(Data shown)

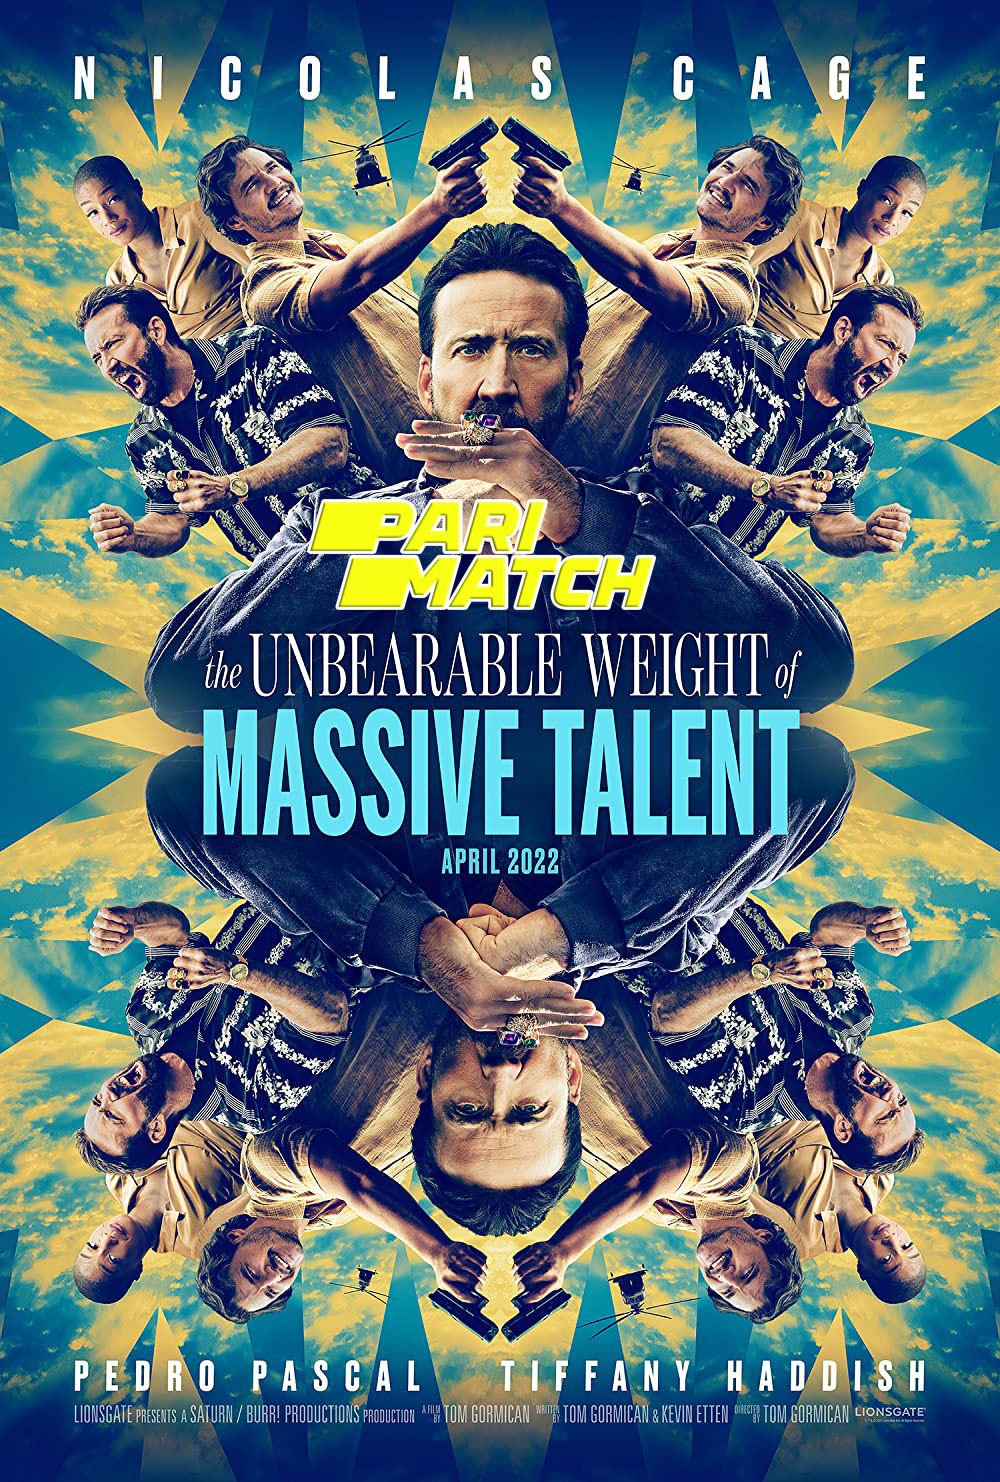 The Unbearable Weight of Massive Talent (2022) Bengali Dubbed (VO) [PariMatch] 720p WEBRip 900MB Download
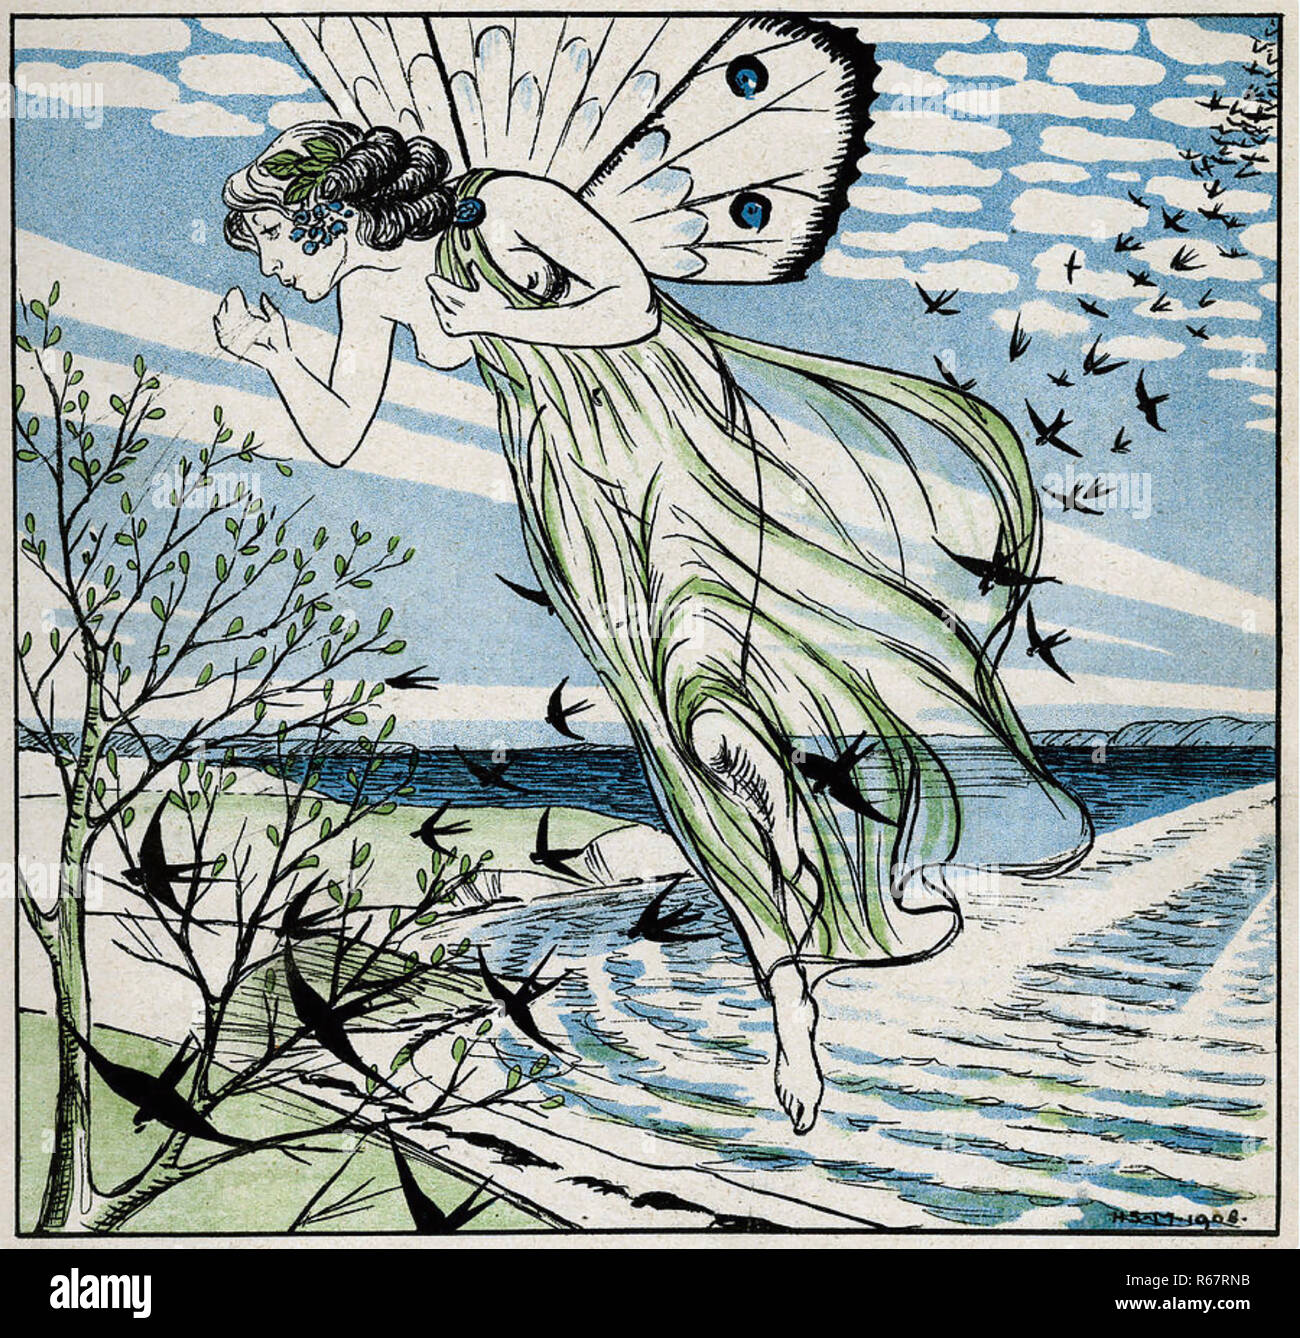 THE COMING OF SPRING in a 1908 drawing by Herbert Saly showing the Spring Fairy breathing new life into the trees. Stock Photo
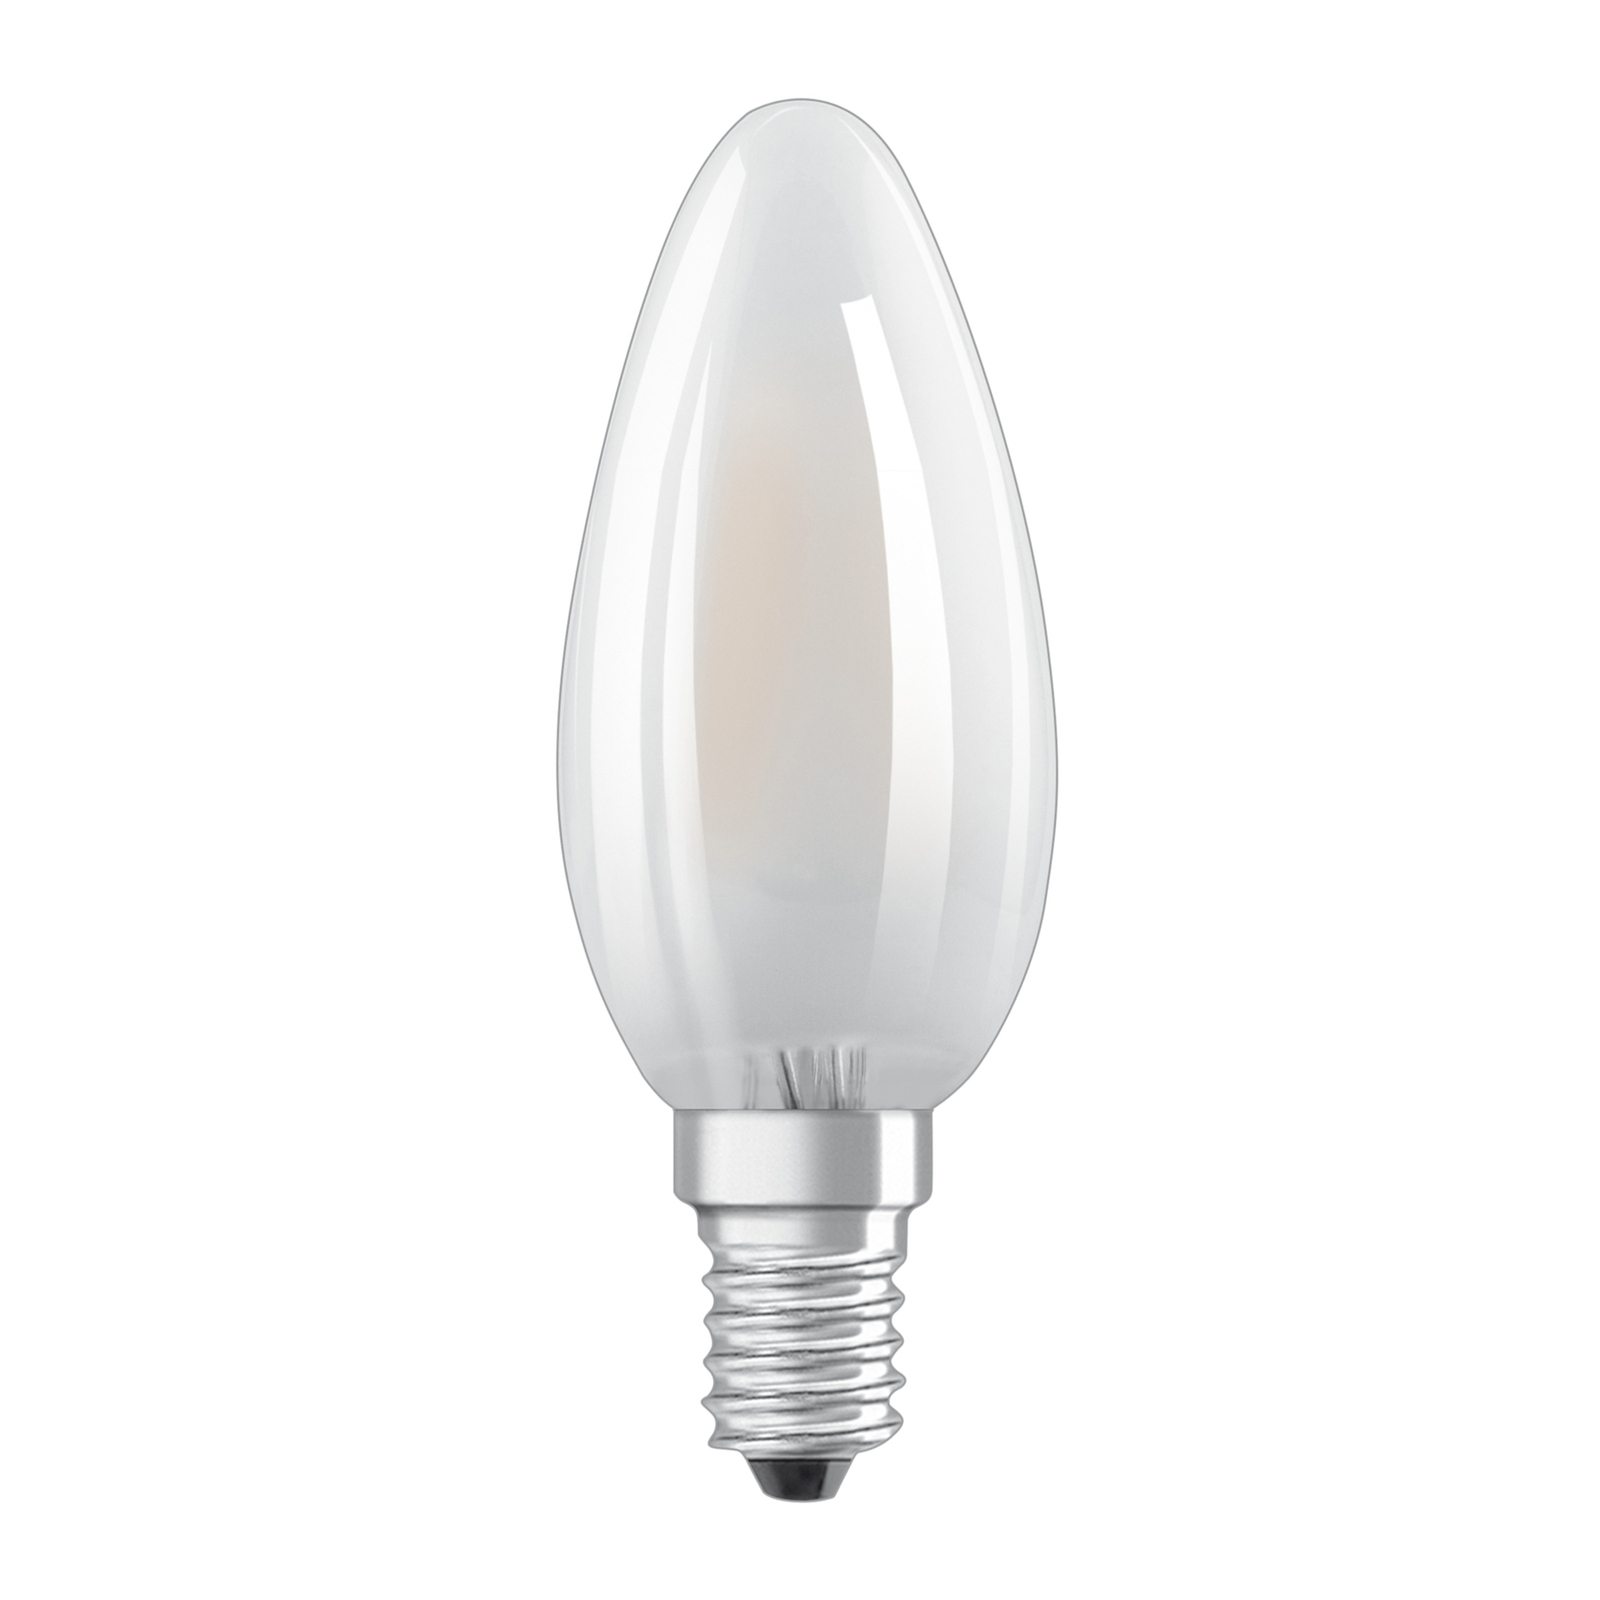 OSRAM ampoule flamme LED E14 5,5W 2 700 K dimmable

(End Data shown)

(Task goal):
Restate the data above word for word, so that the only difference is the missing pictures.

(Response to the task):
 The Unbearable Weight of Massive Talent (2022) Bengali Dubbed (VO) [PariMatch] 720p WEBRip 900MB Download
 THE COMING OF SPRING in a 1908 drawing by Herbert Saly showing the Spring Fairy breathing new life into the trees. Stock Photo
 OSRAM ampoule flamme LED E14 5,5W 2 700 K dimmable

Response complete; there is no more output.